WHAT NEEDS TO BE DONE
Each line of the listing, apart from the pictures, is to be printed exactly.

DATA EXCERPT
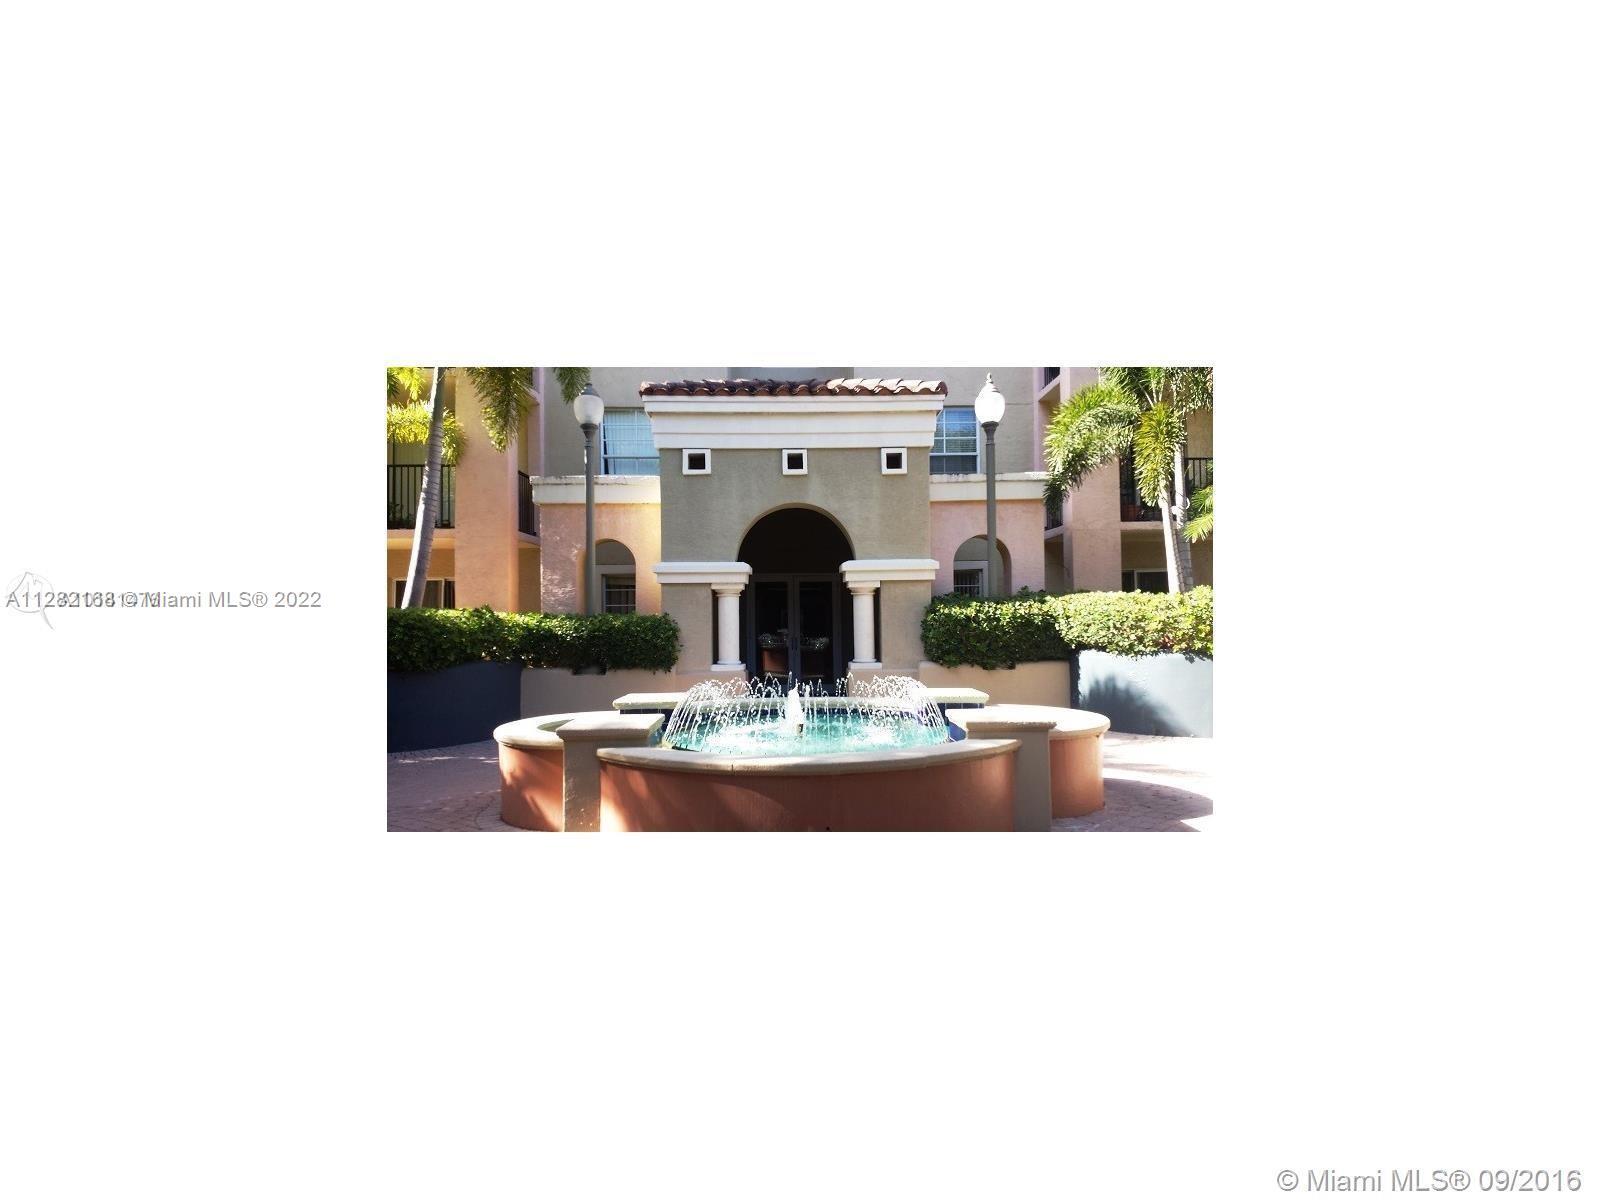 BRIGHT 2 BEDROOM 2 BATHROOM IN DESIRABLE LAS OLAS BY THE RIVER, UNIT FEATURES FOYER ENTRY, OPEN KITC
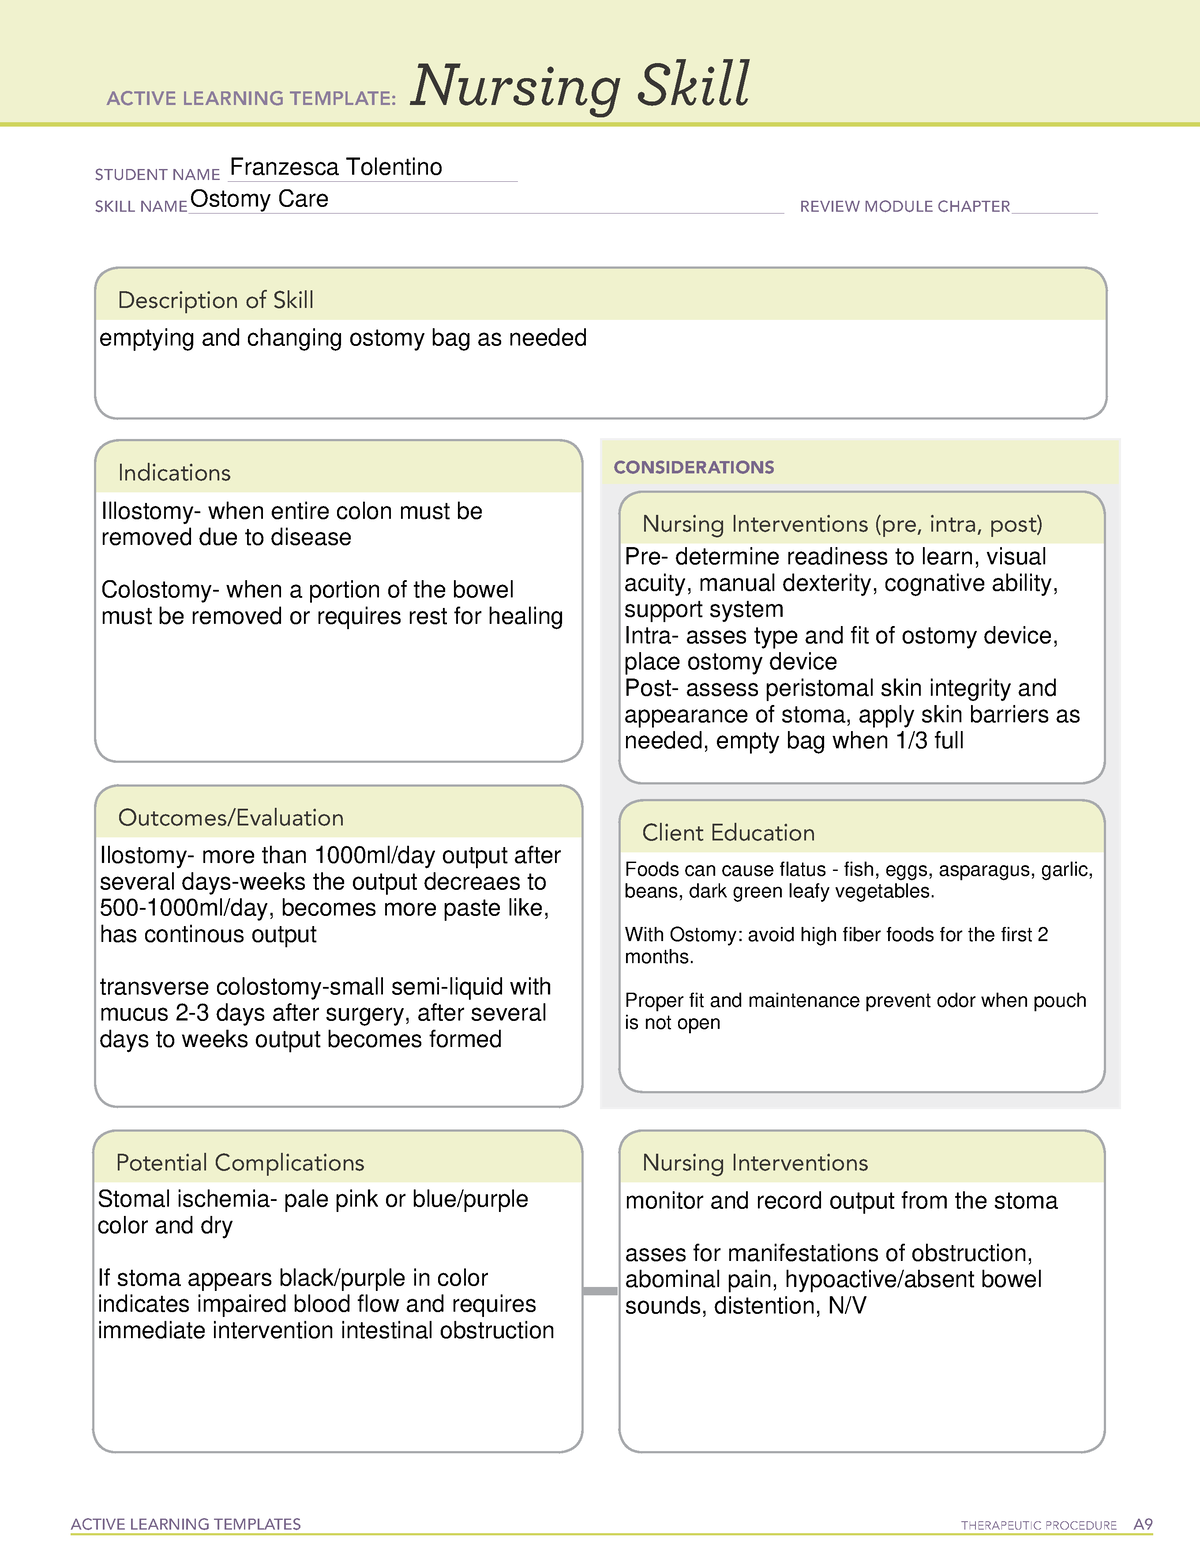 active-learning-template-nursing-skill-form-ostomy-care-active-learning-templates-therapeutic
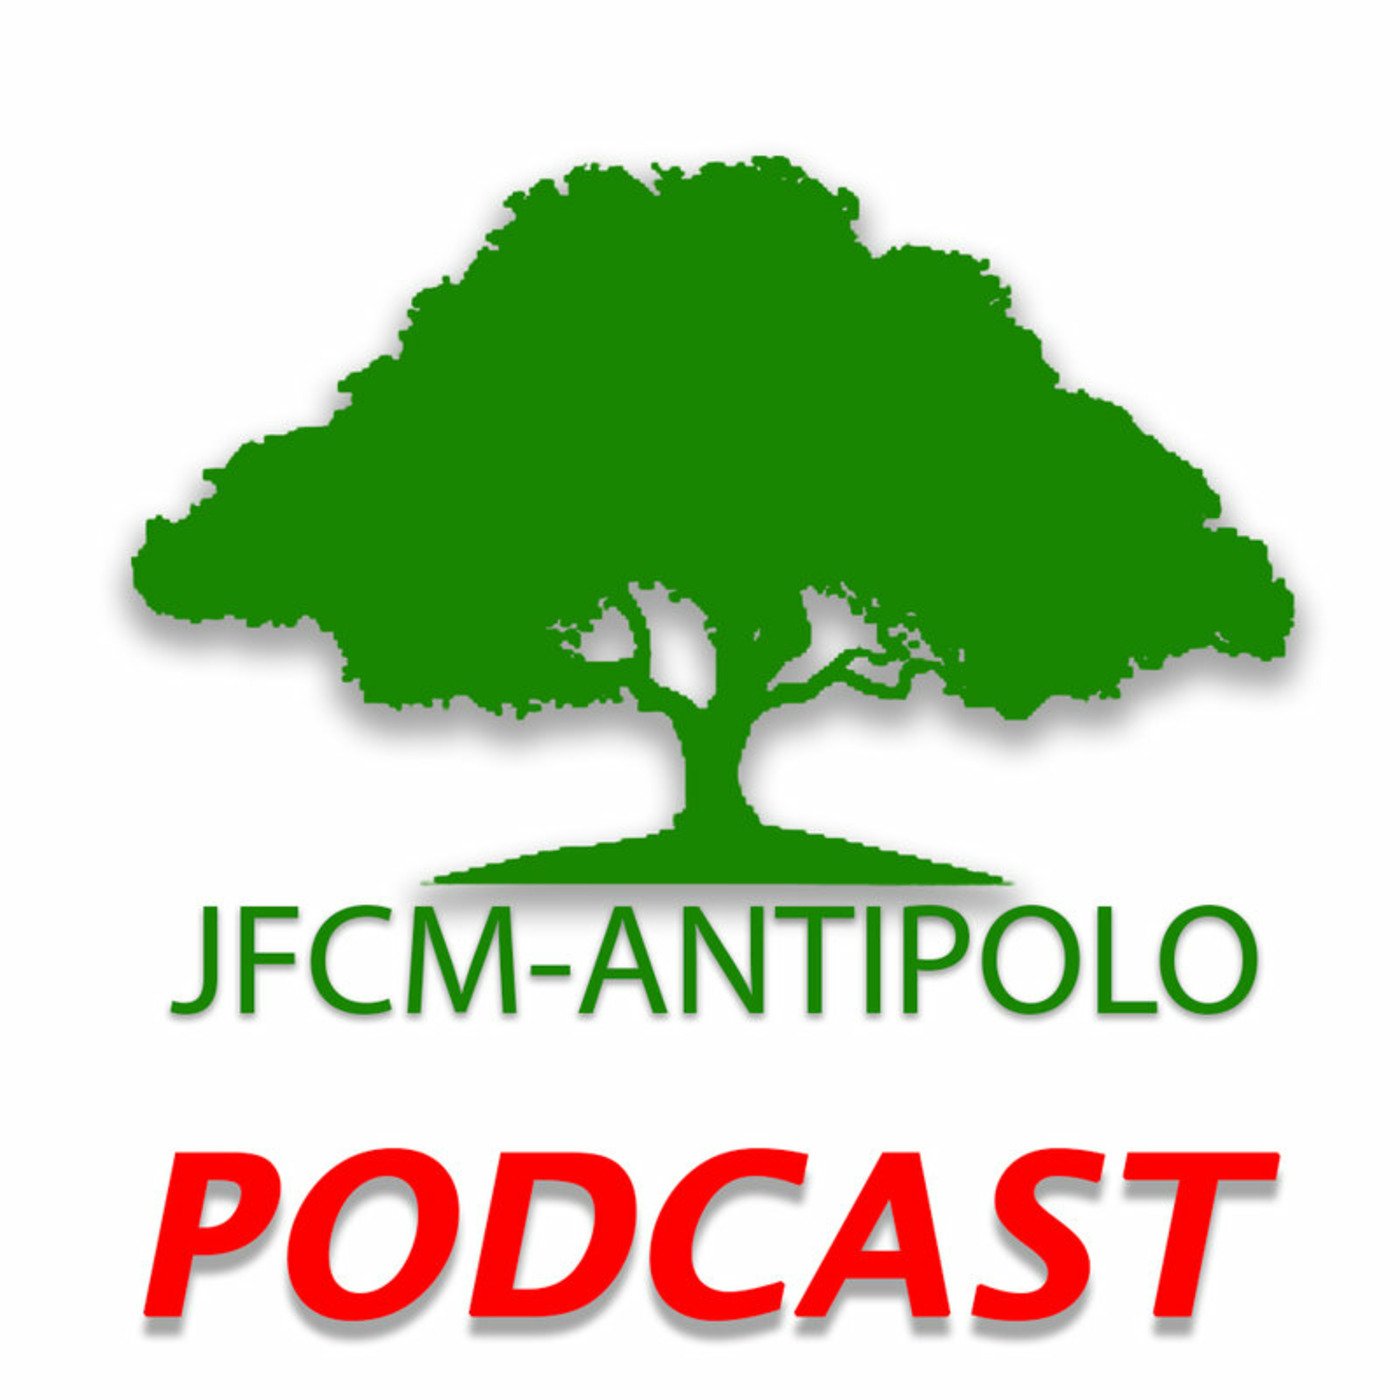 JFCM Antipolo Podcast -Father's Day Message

FINISHED EXERCISE
 BRIGHT 2 BEDROOM 2 BATHROOM IN DESIRABLE LAS OLAS BY THE RIVER, UNIT FEATURES FOYER ENTRY, OPEN KITC
 active-learning-template-nursing-skill-form-ostomy-care-active-learning-templates-therapeutic
 JFCM Antipolo Podcast -Father's Day Message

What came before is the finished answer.